* [Work instructions]:
Leaving out the pictures, return word for word the stretch of entries below from the line holding "KareHillPhotography-Nassikas-Wedding-0184.jpg" through the line holding "Photograph of Alain".

* [Source data]:

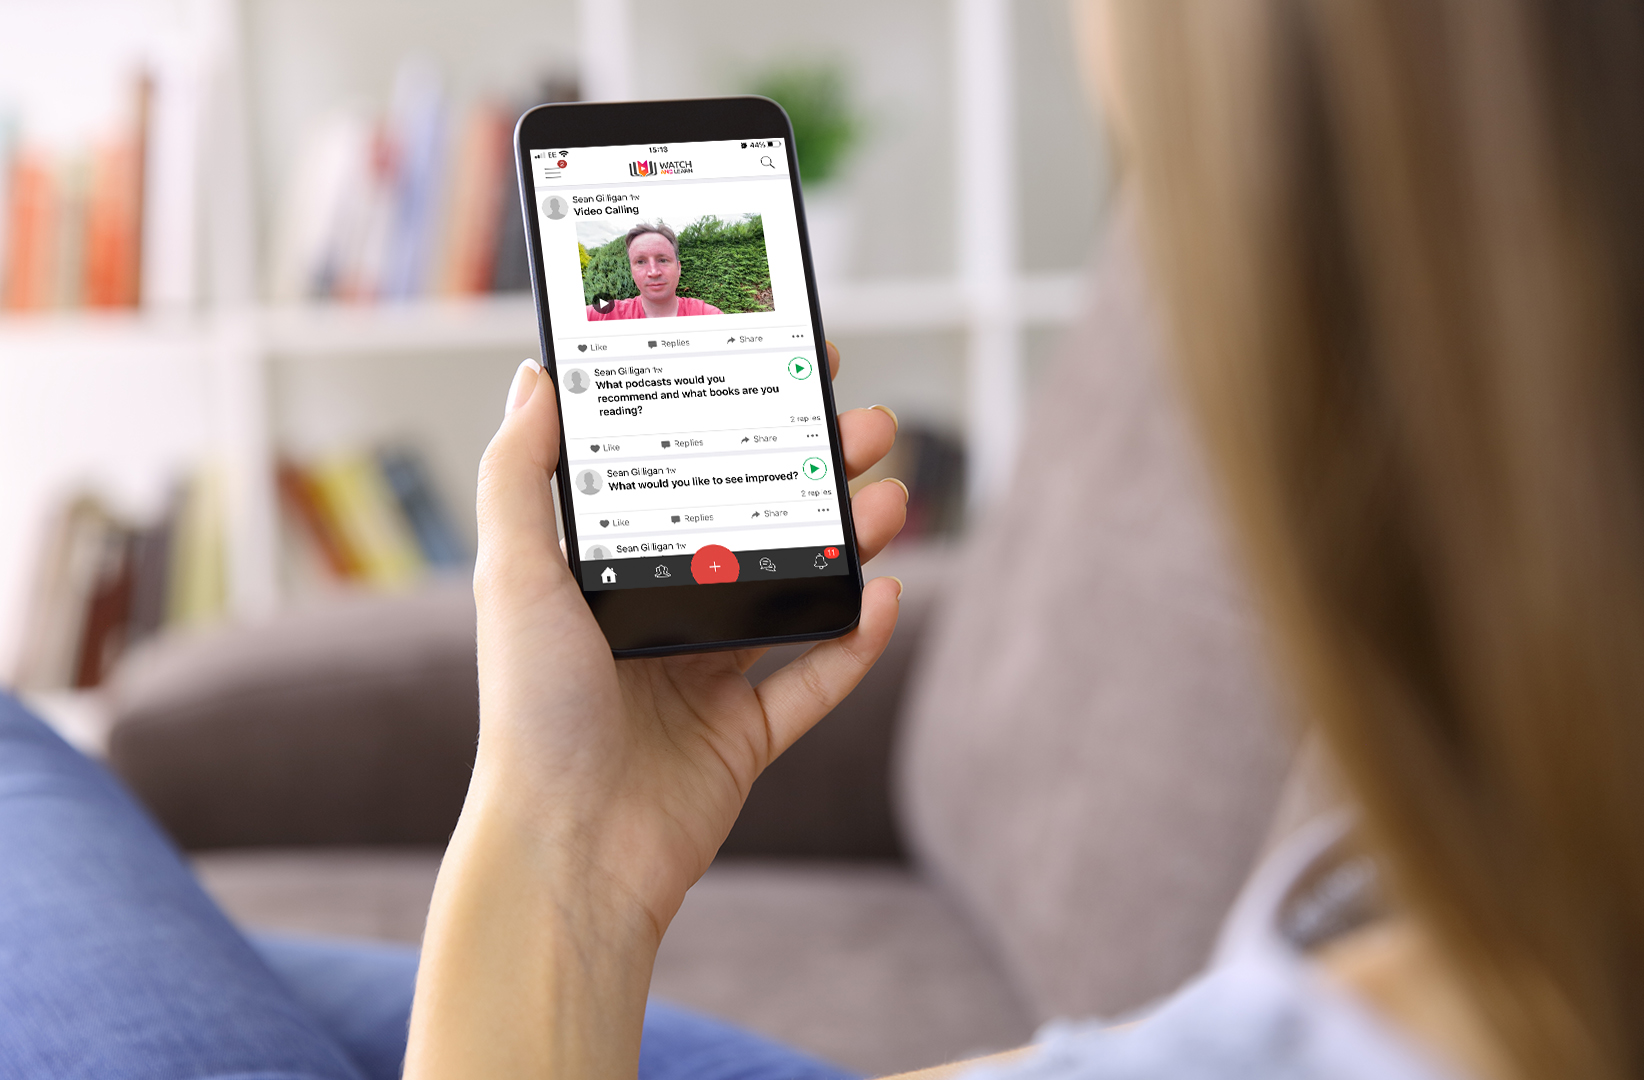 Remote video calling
--
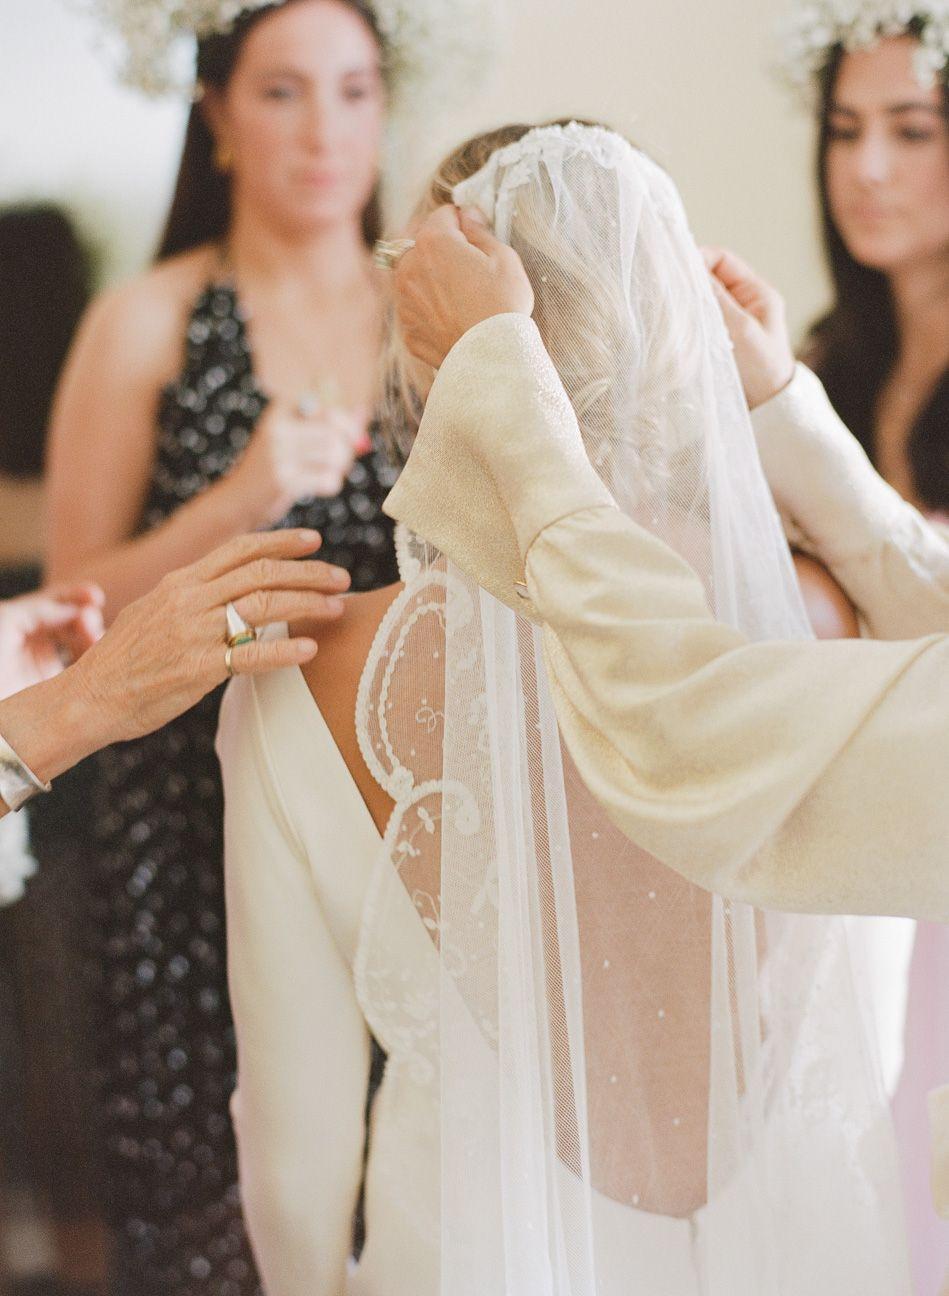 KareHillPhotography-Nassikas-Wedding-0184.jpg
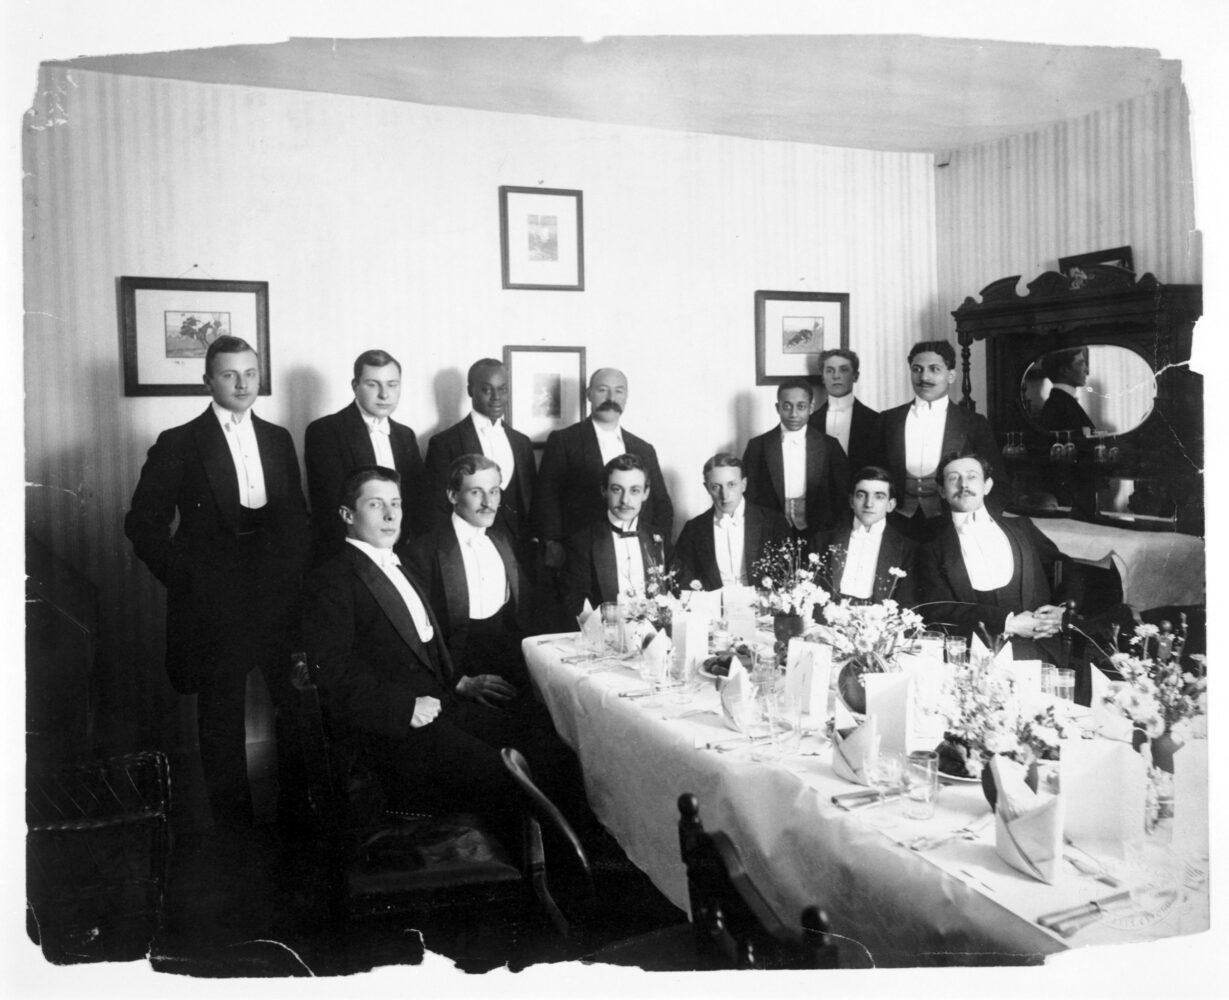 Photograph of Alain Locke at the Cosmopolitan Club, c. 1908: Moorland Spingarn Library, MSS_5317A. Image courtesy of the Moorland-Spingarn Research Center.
...
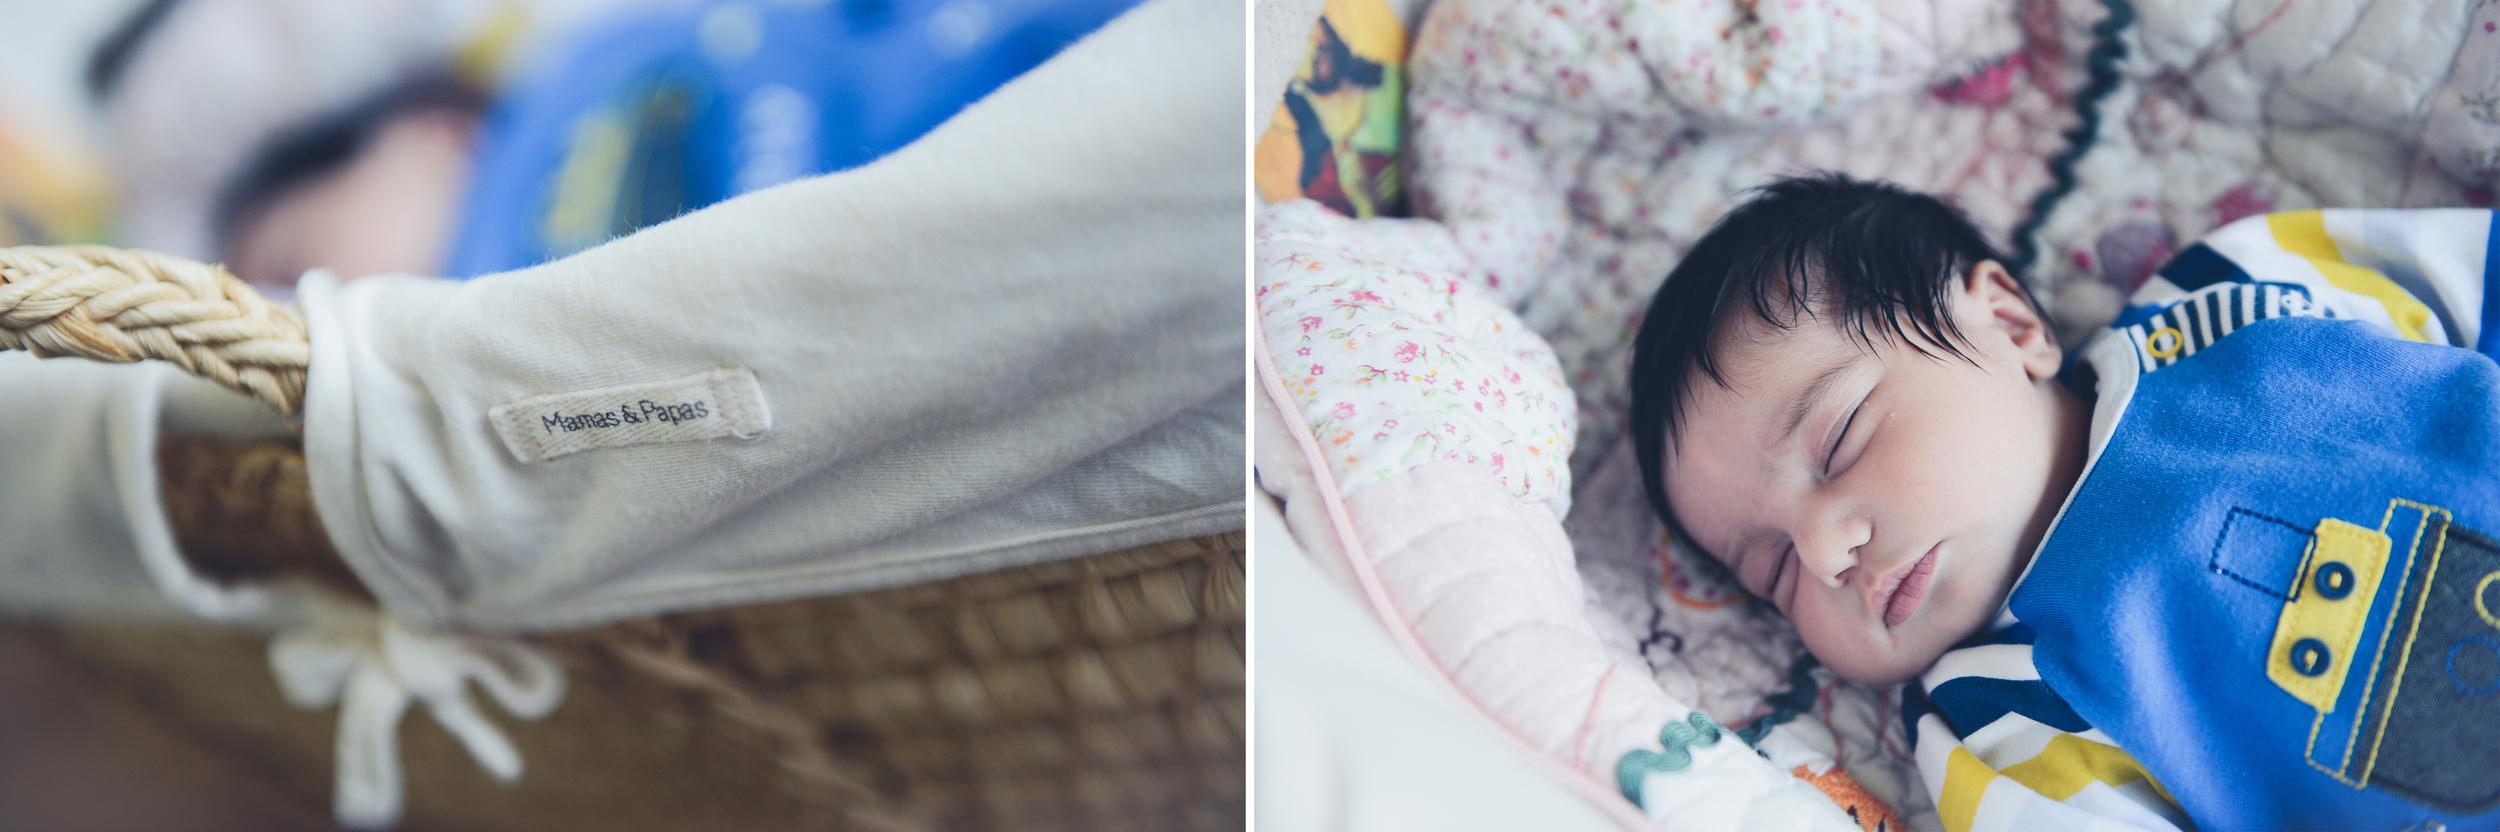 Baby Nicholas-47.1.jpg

* [Result]:
 KareHillPhotography-Nassikas-Wedding-0184.jpg
 Photograph of Alain Locke at the Cosmopolitan Club, c. 1908: Moorland Spingarn Library, MSS_5317A. Image courtesy of the Moorland-Spingarn Research Center.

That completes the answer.